In October 2011 Kano made his acting debut in the Channel 4 drama Top Boy. His character, Sully, was originally written as an Asian drug dealer. Casting director Des Hamilton, director Yann Demange and writer Ronan Bennett were so impressed with his chemistry test with co-star Ashley Walters, causing the character to be rewritten. The original run of the show went for two seasons, before Channel 4 cancelled it in 2014.

On 13 November 2011, Kano announced via Twitter that he would release a mixtape some time that month entitled Girls Over Guns. On 1 January 2012, Kano released a mixtape called Jack Bauer 2.4 as the follow up mixtape to the 2010 edition.

2014–2018: Made in the Manor
On 26 April 2014, Kano released a music video via SB.TV for "Flow of the Year' featuring JME. The following year came his single "Hail" in March 2015 and its B-side "New Banger" released via Noisey in April 2015. This preceded his fifth album Made in the Manor, eventually released in 2016. Promotion for the album began with the single "3 Wheel-Ups" featuring Wiley and Giggs. The song premiered on MistaJam's BBC Radio 1Xtra show on 7 January 2016. It entered the UK Singles Chart at number 126 and the UK R&B Chart at number 16.

The album entered the UK Albums Chart at number 8, becoming Kano's highest-charting album since London Town (2007).

In 2017 it was announced that streaming platform Netflix would be reviving Top Boy, with Kano reprising his role as Sully. The revival was, in part, due to the interest of Canadian rapper Drake, who was a fan of the original series and whose team co-produced the new episodes. The third and fourth series premiered on Netflix in September 2019 and March 2022, respectively. A fifth and final series was announced on 31 March 2022.

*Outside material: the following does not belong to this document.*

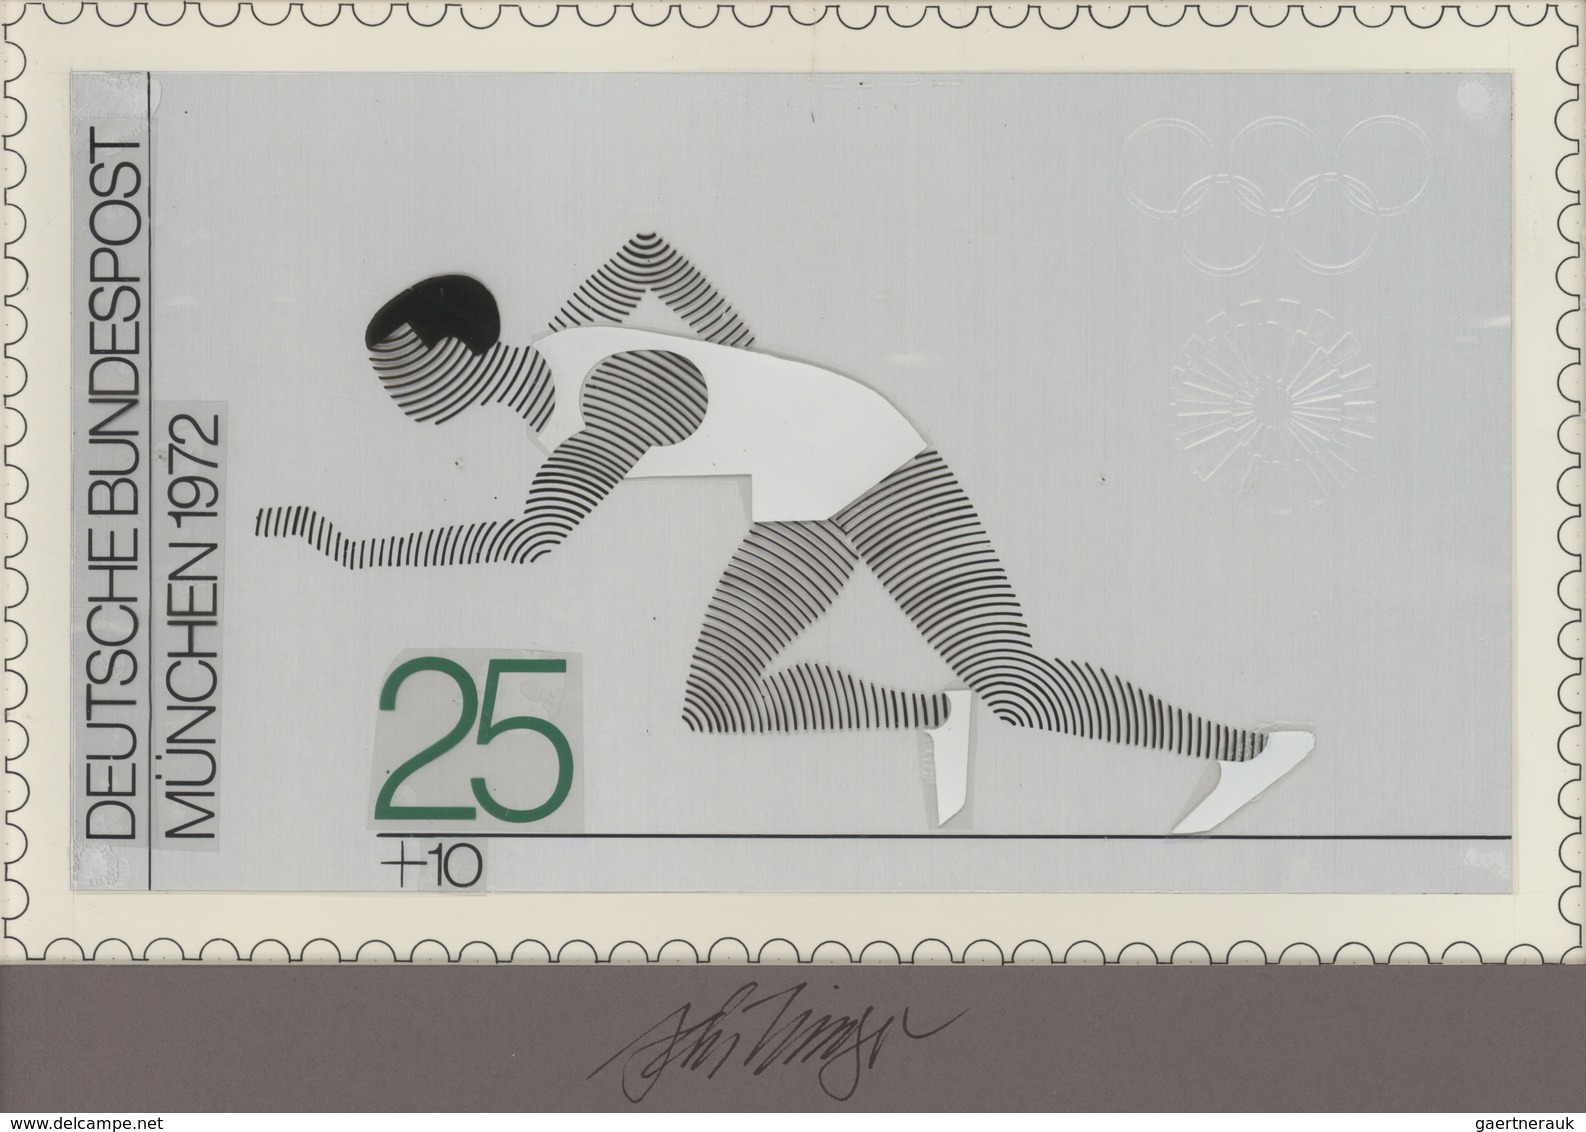 Thematik: Sport-Leichtathletik / Sports-athletics: 1972, Bund, Nicht Angenommener Künstlerentwurf (2 - Leichtathletik

2019–present: Hoodies All Summer
On 30 August 2019, Kano's sixth studio album Hoodies All Summer was released following its announcement the month previously. The album would be later shortlisted for the Mercury Prize 2020, the second time in Kano's career. Kano provided vocals again in 2020 for the seventh Gorillaz studio album Song Machine, Season One: Strange Timez, along with Spanish singer Roxani Arias for the song "Dead Butterflies". In October 2020, Kano collaborated with Fraser T. Smith in the production of Smith's debut album "12 Questions".

In March 2022 it was announced that Kano would play the lead role in The Kitchen, a dystopian thriller for Netflix co-written and produced by British actor Daniel Kaluuya.

Awards and achievements
He was voted Best Newcomer award in 2004 at the Urban Music Awards and then in 2005, Kano was nominated for 4 MOBO (Music of Black Origin) Awards, winning the award for Best Newcomer. He also won an award at the first Channel U "Best of British" Awards. On New Year's Eve 2005, Kano was announced as one of "London's Heroes of 2005" by Mayor of London Ken Livingstone. He was also nominated for a BRIT Award for Best Urban Act in January 2006. In 2016 Kano's album Made in the Manor was nominated for the Mercury Music Award. Made in the Manor also won 'Best Album' in the 2016 MOBO awards. He was nominated for a second Mercury Music Award for his 6th Studio album Hoodies All Summer.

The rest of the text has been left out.